Говоря о книгах, надо понимать, что все то, что дает основные установки, идет из детства. Мои ранние годы прошли в закрытой системе сибирского поселка, где можно было разжиться книгами из двух местных библиотек – общей и школьной, куда новинки поступали раз в столетие. У меня, как человека, рожденного в конце 70-х, набор литературы вполне узнаваем и бессистемен: Дюма, Майн Рид, Ефремов, Беляев, Алексей Толстой, Азимов, Хайнлайн, Булгаков и др. Помимо этого я любила порыться на полках, где обретались пыльные подшивки журналов «Эврика!», который с 60-х годов знакомил советского читателя с достижениями в мире науки и техники.
На домашних полках стояло классическое собрание книг. Кто не вспомнит два синих тома Лермонтова с мелким тиснением или Маяковского под красной обложкой? А Брокгауза с Ефроном? Единственным отличием были так называемые журналы моего собственного изготовления. Выглядели они как обычная общая тетрадь с нарисованными вручную иллюстрациями и написанными вручную статьями. Сразу вспомнилось: «тут же на веревке был торжественно вывешен первый номер сатирического и юмористического журнала «Комар», форматом в тетрадочный лист и размером в восемь страничек». Вот примерно то же самое.
Но дело в том, что книги продолжают менять и дополнять нашу жизнь.

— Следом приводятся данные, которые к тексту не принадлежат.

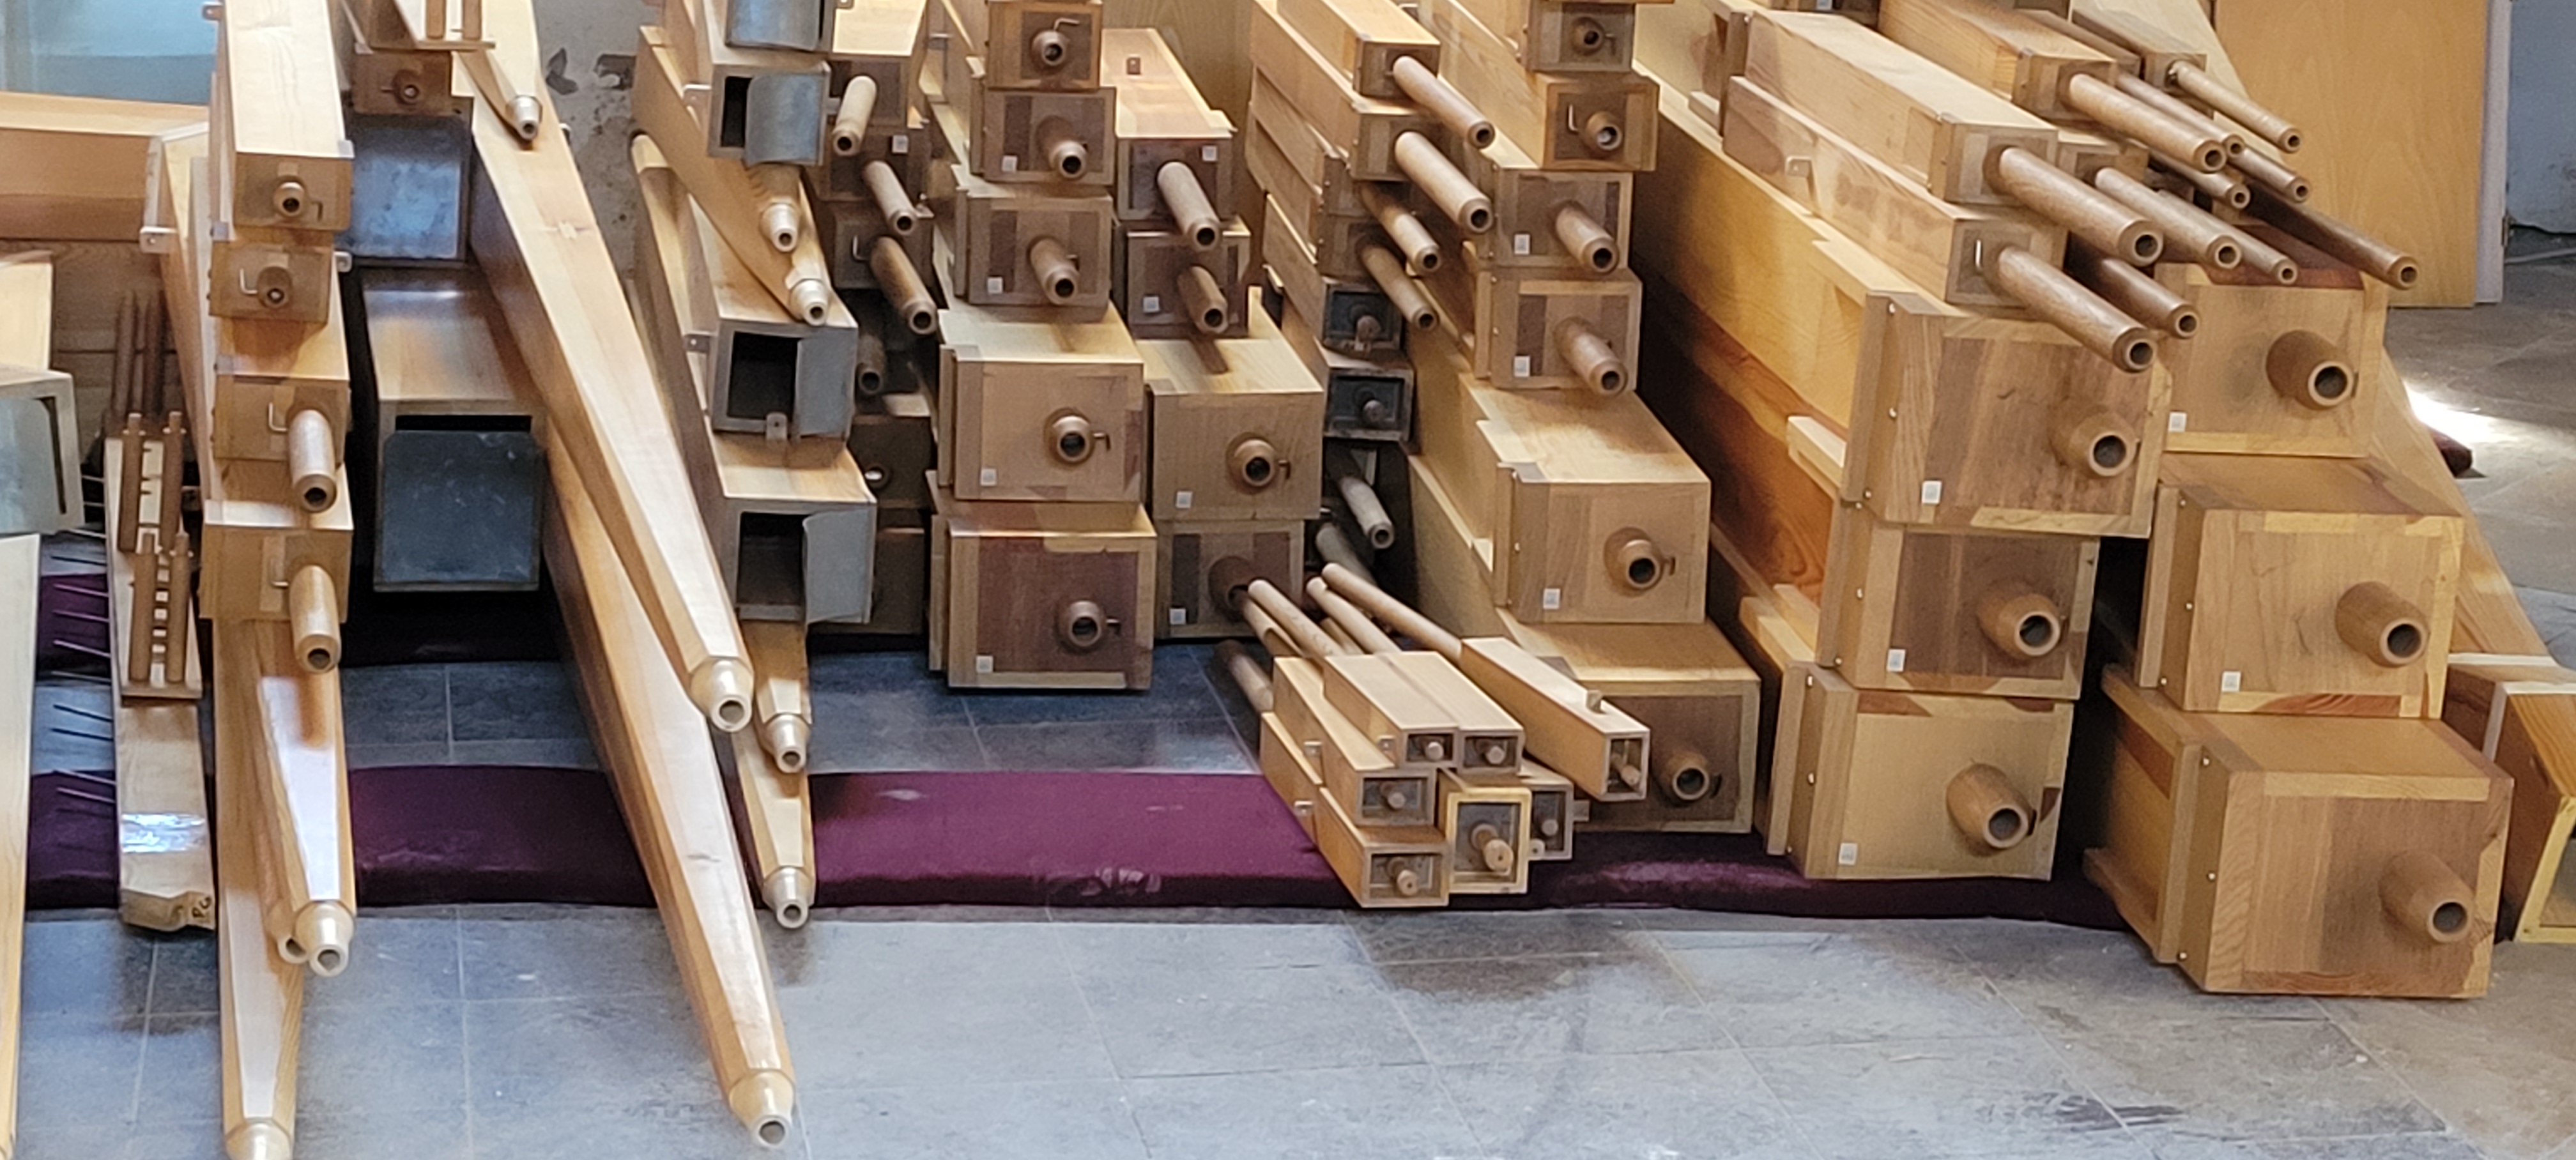 Ausgebaute Orgelpfeifen der Eule Orgel Neumarkt i.d.OPf., Foto kb
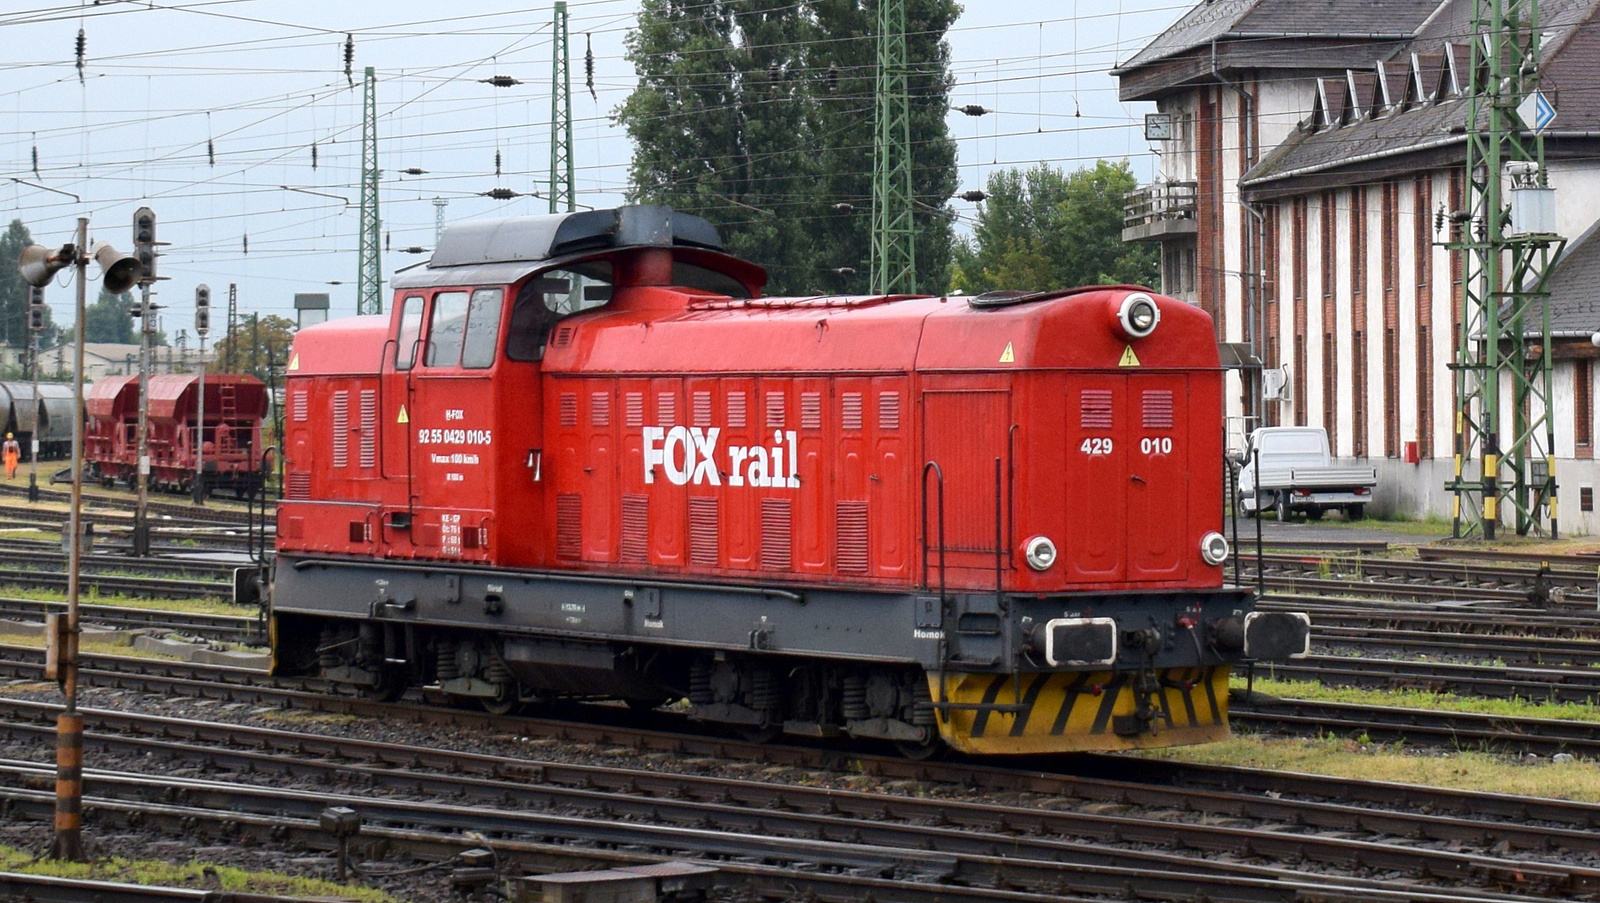 429 010 (Foxrail)

Мы все так же удивляемся чему-то, что нам близко. Например, последнее из моих личных открытий – книга стихов Даниила Чконии «Стихия и пловец», которую автор подарил мне на литературном фестивале «Эмигрантская лира» в Бельгии. Тонкая, исповедальная лирика, где-то не лишенная самоиронии, – это если сказать в двух словах. Я люблю такие книги, и мне иногда кажется, что они сами меня находят, чтобы в очередной раз объять широтой человеческих дарований.